1 minute read
Dick Blaschke and the great Middleton Theater Contest
by Claudia Miska
I sat down earlier this month with Dick Blaschke, a long time Middleton resident, to listen to some of his stories about growing up in Middleton.
Advertisement
We talked about the Middleton Theater at 2111 Parmenter Street. The theater was owned by the M.E. Theater Management Company with headquarters in Milwaukee. The theater was a quonset type building that featured 99 cent movies and opened in November, 1946.
Dick told me a story about how Mr. Kromrey was the scoutmaster of his boy scout troop. Mr. Kromrey made a deal with the theater that the scouts were to sell tickets for some event and the prize to the highest seller would be to be the first person in the theater to see the 1939 movie Union Pacific directed by Cecil B. DeMille. The movie was about how someone tried to sabotage the building of the transcontinental railroad.
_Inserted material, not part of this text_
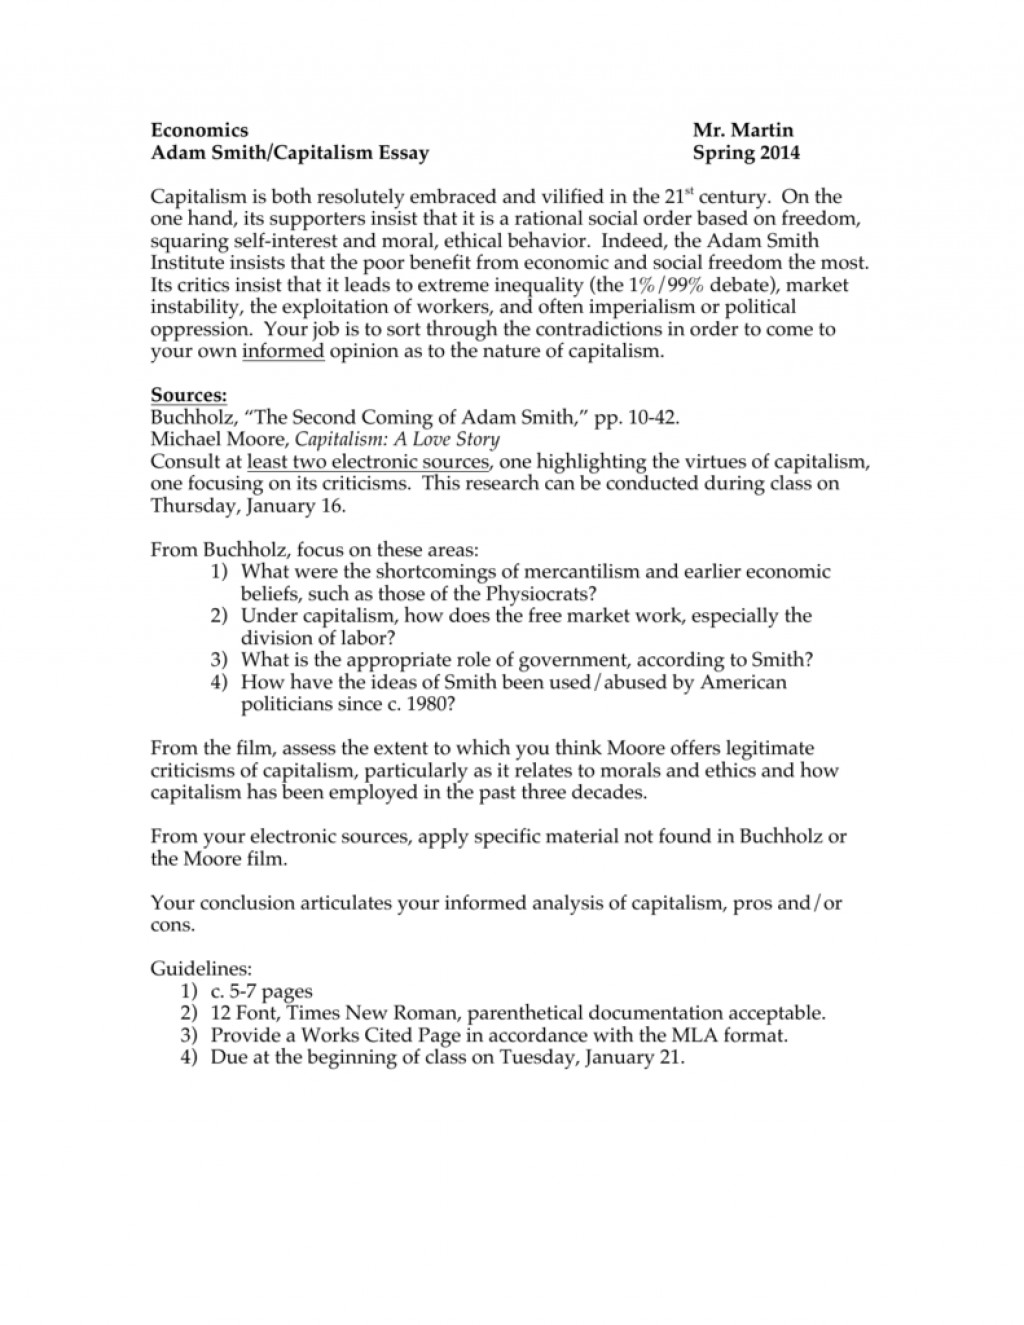 004 Essay Example Capitalism 007998055 1 Breathtaking Topics Question Pdf Large
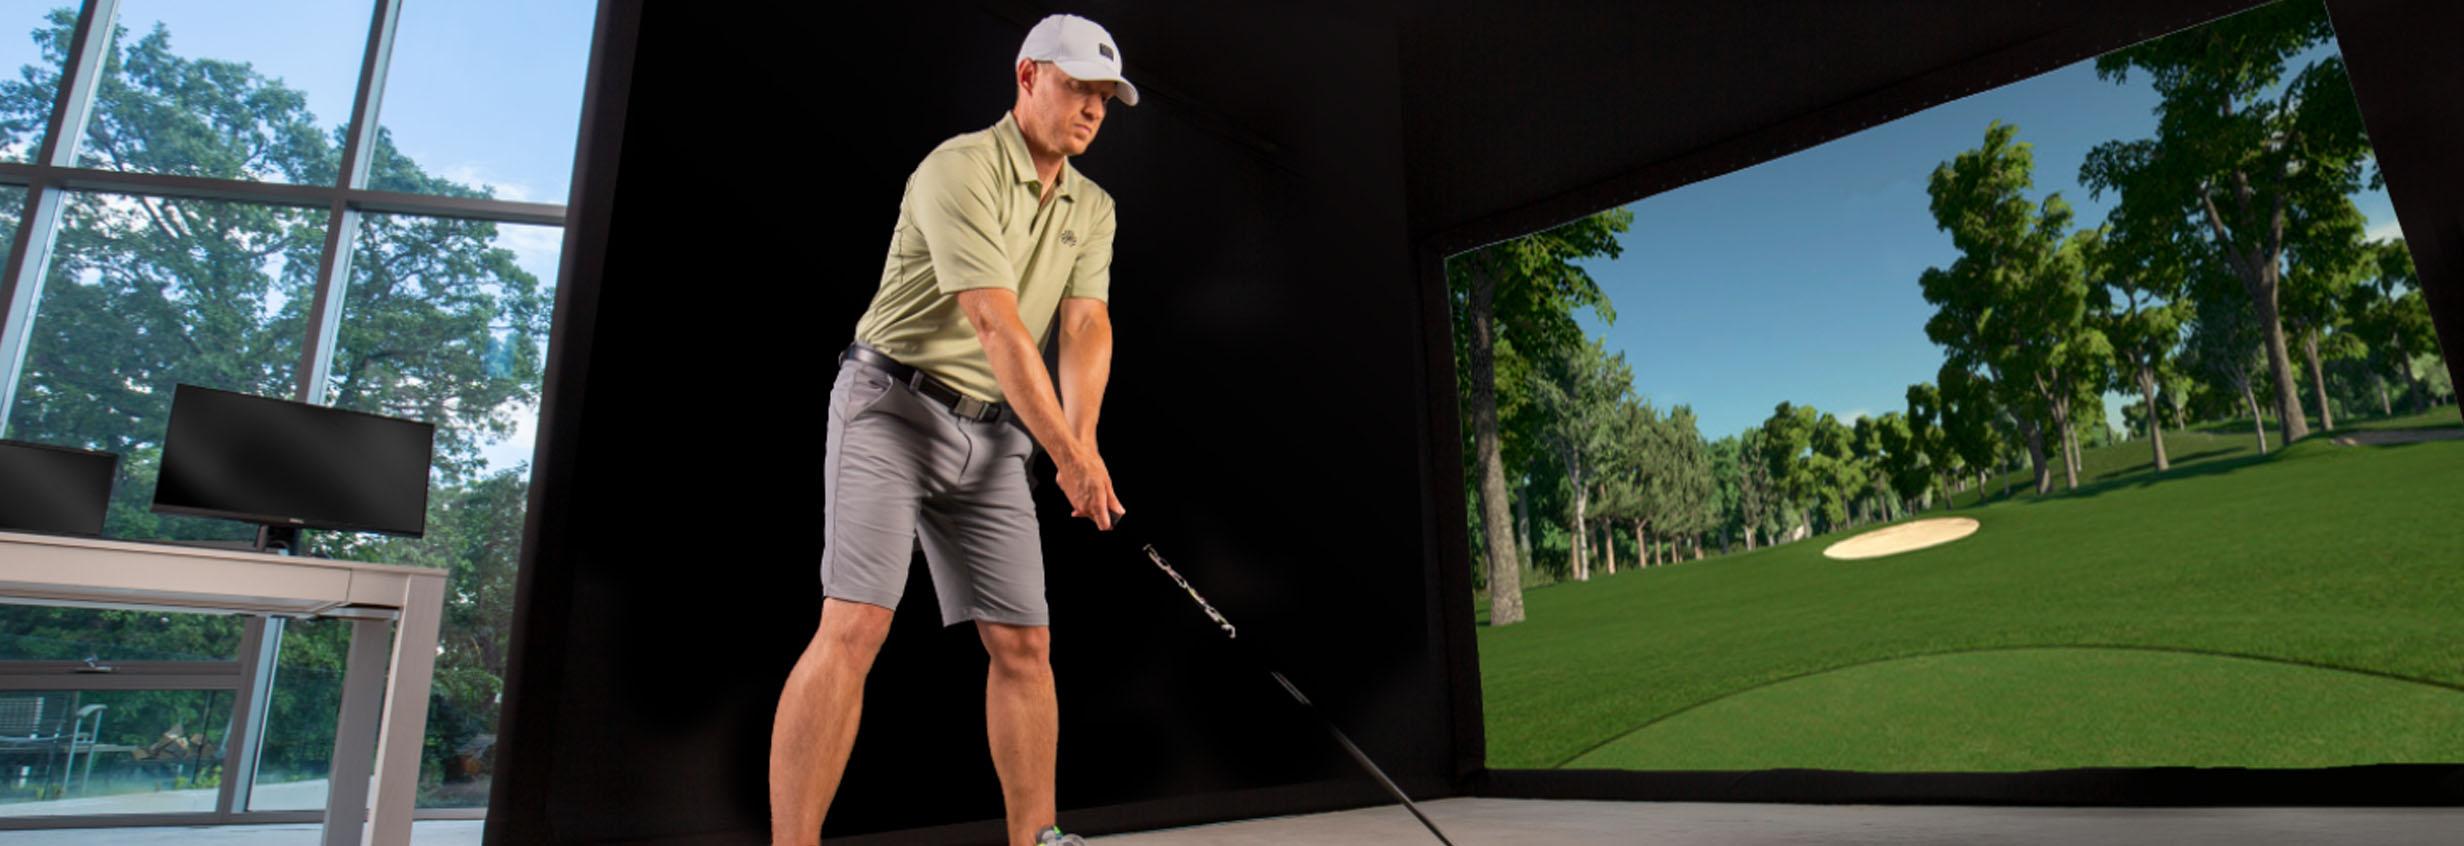 Golf Enclosures and Screens

Dick was enterprising at a young age. He figured out that if he took the tickets with him as he delivered the papers on his paper route, he could sell his tickets quickly. Dick sold the most tickets and got his pick of the seat in the theater. He also remembered he got a kit to assemble a pair of moccasins from scoutmaster Kromrey.

On the day the theater was razed, the marquee announced “The Last Show: Foss Building Rides Again”. Greg Foss, of Foss Builders was the contractor for a senior living housing project that was built in the location. Greg named the building “The Patrician” after his wife.
The last owner of the theater, Madison 20th Century Theaters gave some of the seats to the American Players Theater. The building itself was donated to New Life Baptist Church. It was taken down piece by piece and moved.